Обоснование и защита марксизма .Часть первая - Георгий Плеханов 3 стр.


В своих "Vues des révolutions d'Angleterre" Ог. Тьерри изображает историю английских революций, как борьбу буржуазии с аристократией. "Всякий тот, чьи предки принадлежали к числу завоевателей Англии, — говорит он о первой революции, — покидал свой замок и ехал в королевский лагерь, где и занимал положение, соответствующее его званию. Жители городов толпами шли в противоположный лагерь. Тогда можно было сказать, что армии собирались одна — во имя праздности и власти, другая — во имя труда и свободы. Все праздношатающиеся, каково бы ни было их происхождение, все те, которые искали в жизни лишь достающихся без труда наслаждений, становились под королевские знамена, защищая интересы, подобные их собственным интересам; и, наоборот, те из потомков прежних завоевателей, которые занимались тогда промышленностью, присоединялись к партии общин" [12].
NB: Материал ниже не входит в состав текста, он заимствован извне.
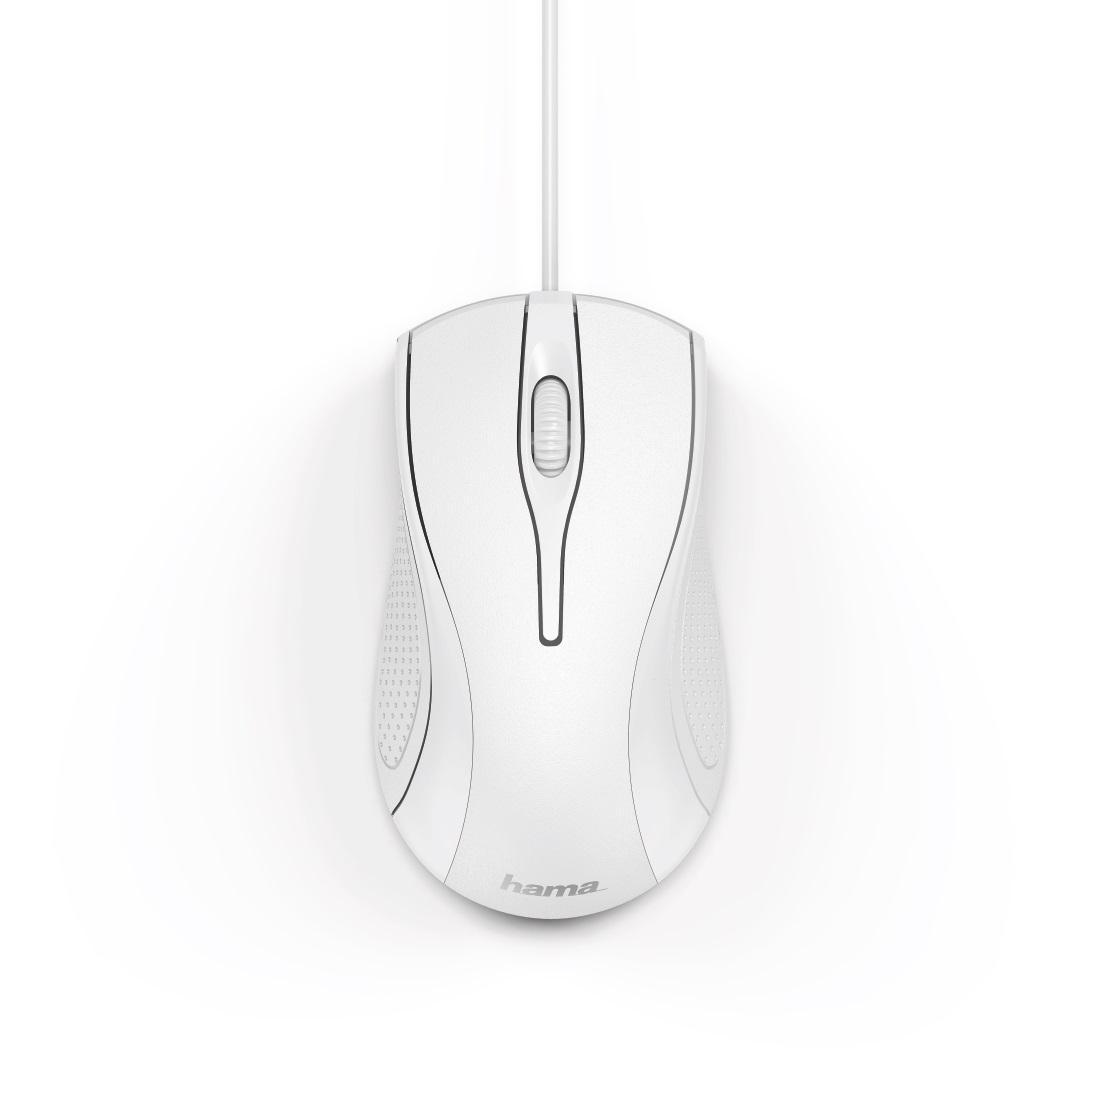 Оптична мишка HAMA MC-200, кабел 1.5 м, USB, 1200 dpi, 3 бутона, Бял-2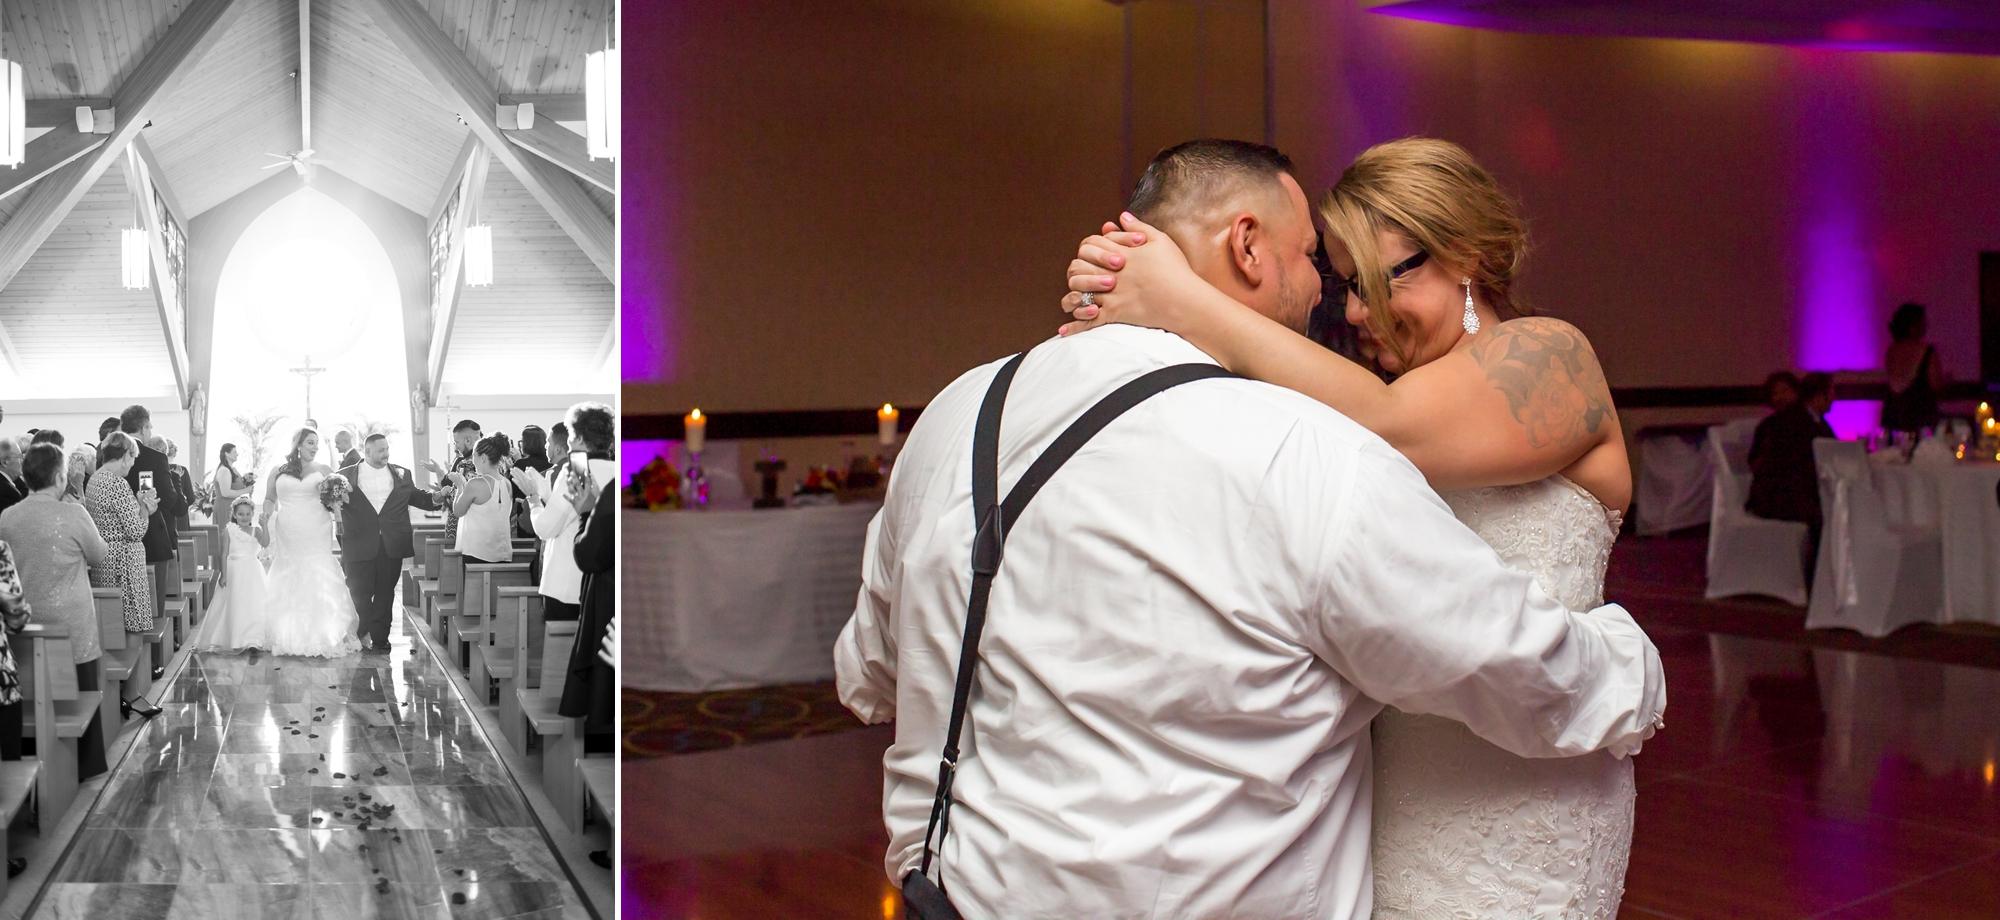 Best of 2016 | Stamford, CT Wedding at Sheraton Stamford Hotel | CT, NYC, New England + Destination Luxury Wedding + Engagement Photographer | Shaina Lee Photography

Религиозное движение того времени было, по мнению Тьерри, лишь отражением положительных житейских интересов. "С обеих сторон война велась за положительные интересы. Все остальное было внешностъю или предлогом. Люди, отстаивавшие дело подданных, были по большей части пресвитерианами, т. е. они не хотели никакого подчинения, даже в религии. Те, которые примыкали к противной партии, принадлежали к англиканскому или католическому исповеданию; это потому, что даже в религиозной области они стремились к власти и к обложению людей налогами". Тьерри цитирует при этом следующие слова Фокса из его "History of the reign of James the Second": на все религиозные мнения виги смотрели глазами политиков. Даже ненависть их к папизму вызывалась не столько суевериями или так называемым идолопоклонством этой непопулярной секты, сколько ее стремлениями установить абсолютную власть в государстве".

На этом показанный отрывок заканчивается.